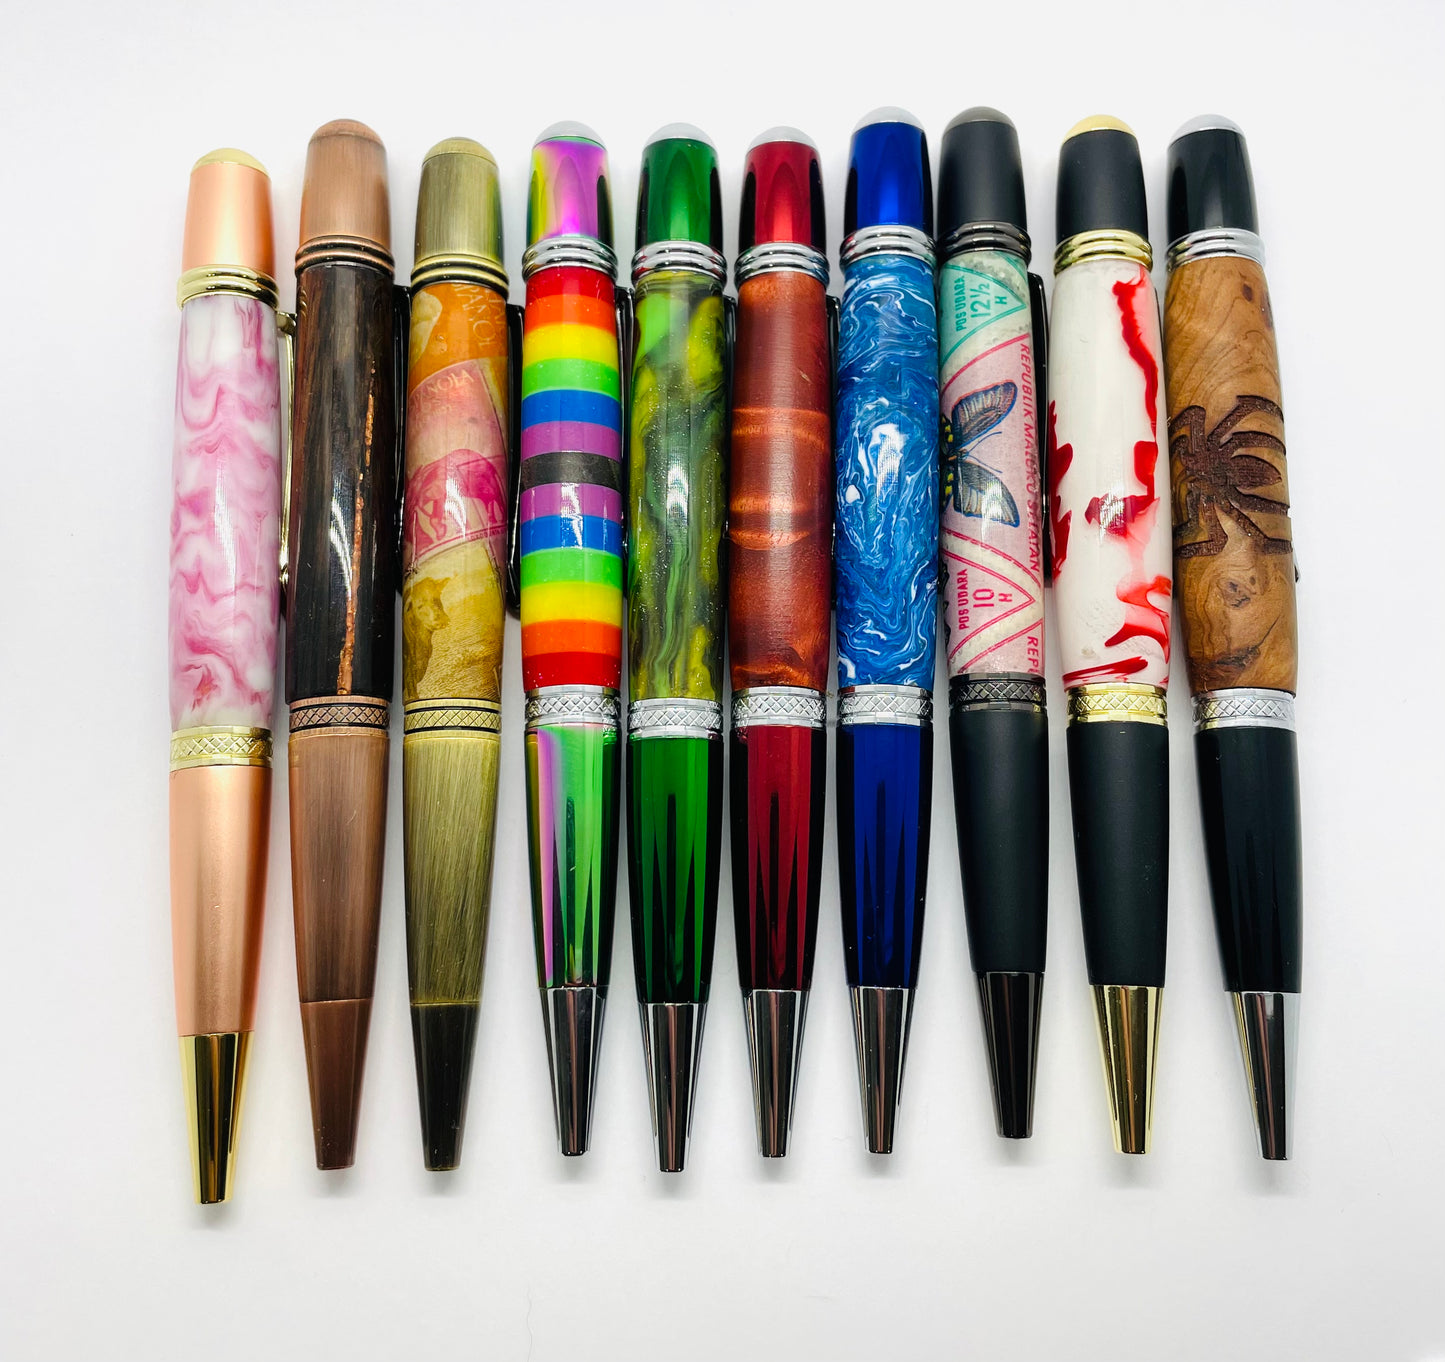 Monarch pen kit: Antique rose copper
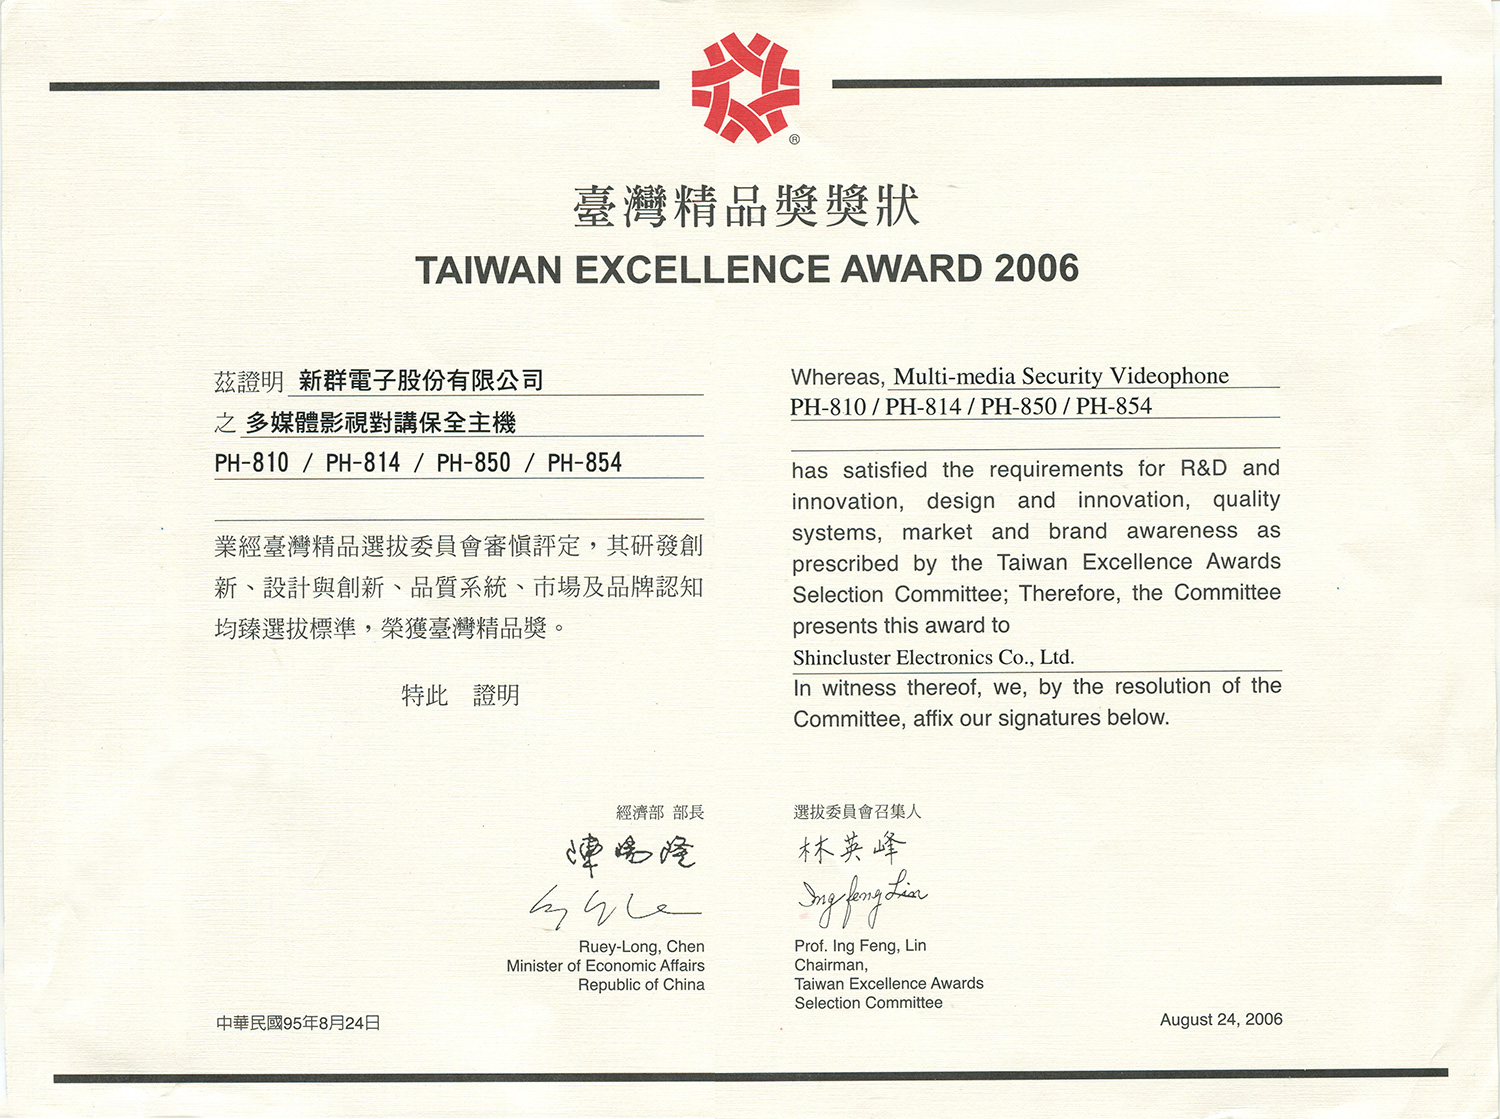 多媒體影視對講保全主機PH-810產品系列，榮獲「第14屆台灣精品獎」之殊榮。
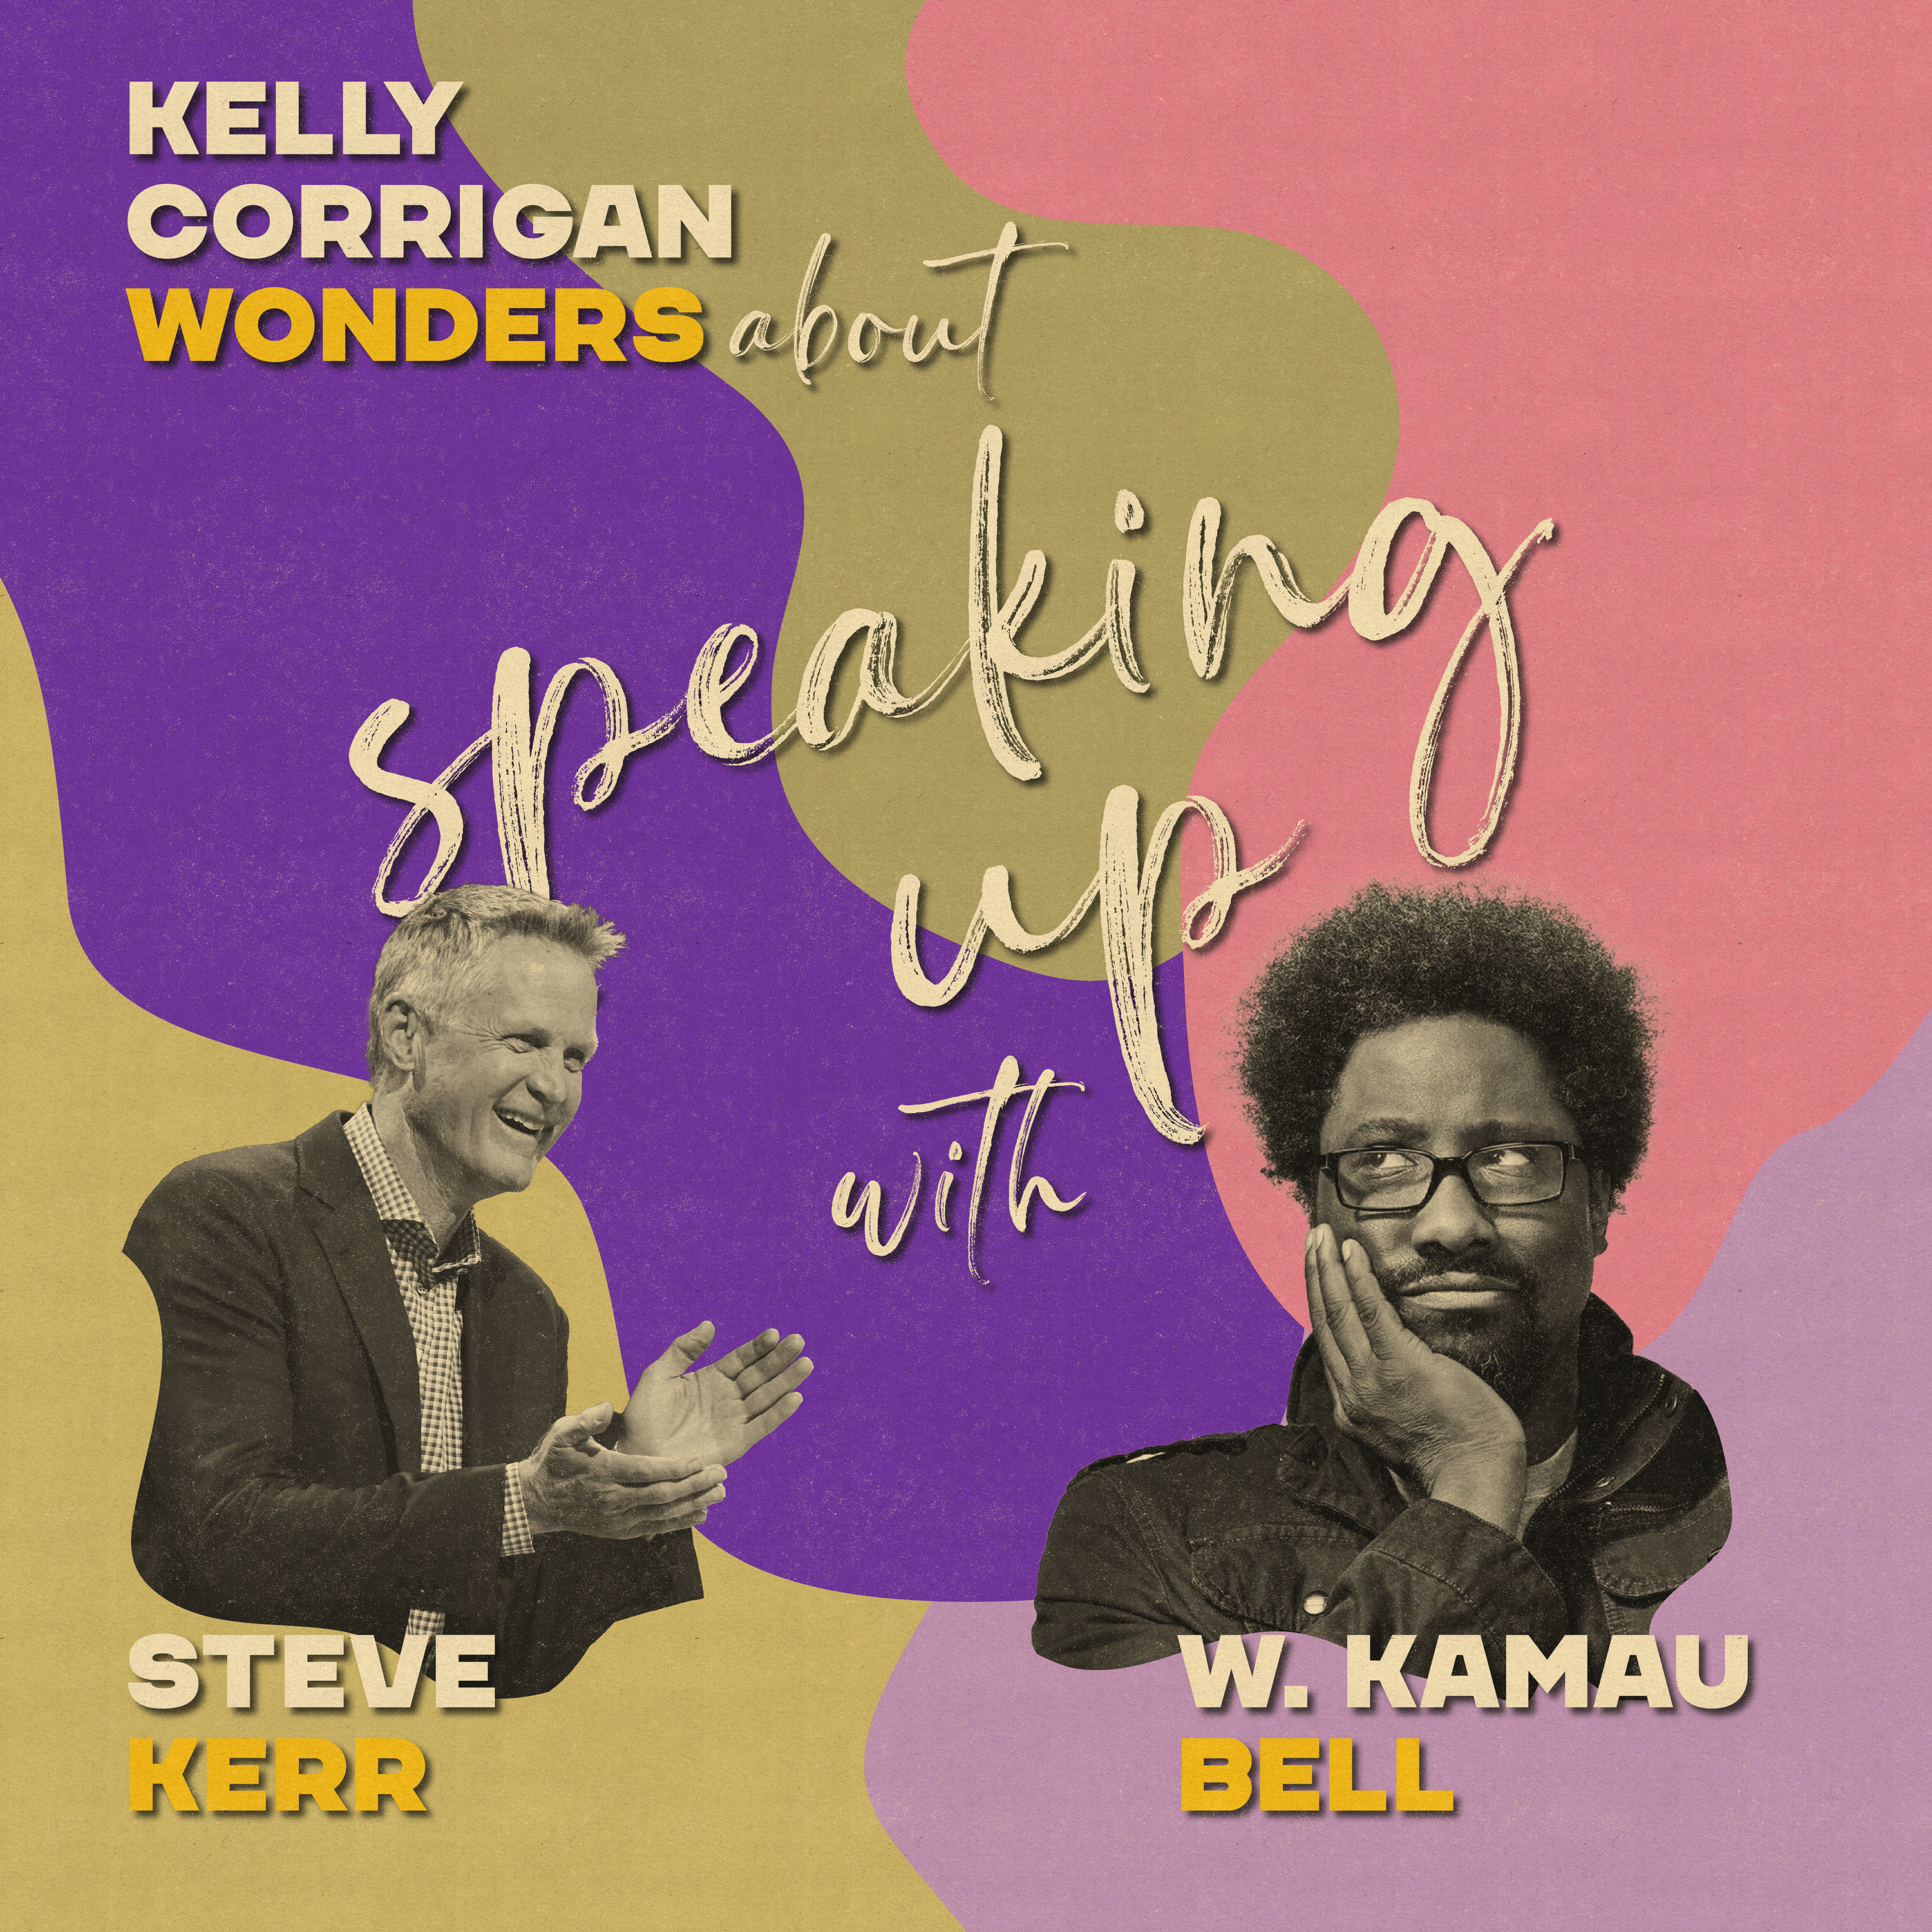 Steve Kerr and W. Kamau Bell on Speaking Up
= = =
§ **WHAT IS REQUIRED**
The full listing must come back exactly as written, with its pictures left out.

§ **ANSWER TO THE EXERCISE**
 Monarch pen kit: Antique rose copper
 多媒體影視對講保全主機PH-810產品系列，榮獲「第14屆台灣精品獎」之殊榮。
 Steve Kerr and W. Kamau Bell on Speaking Up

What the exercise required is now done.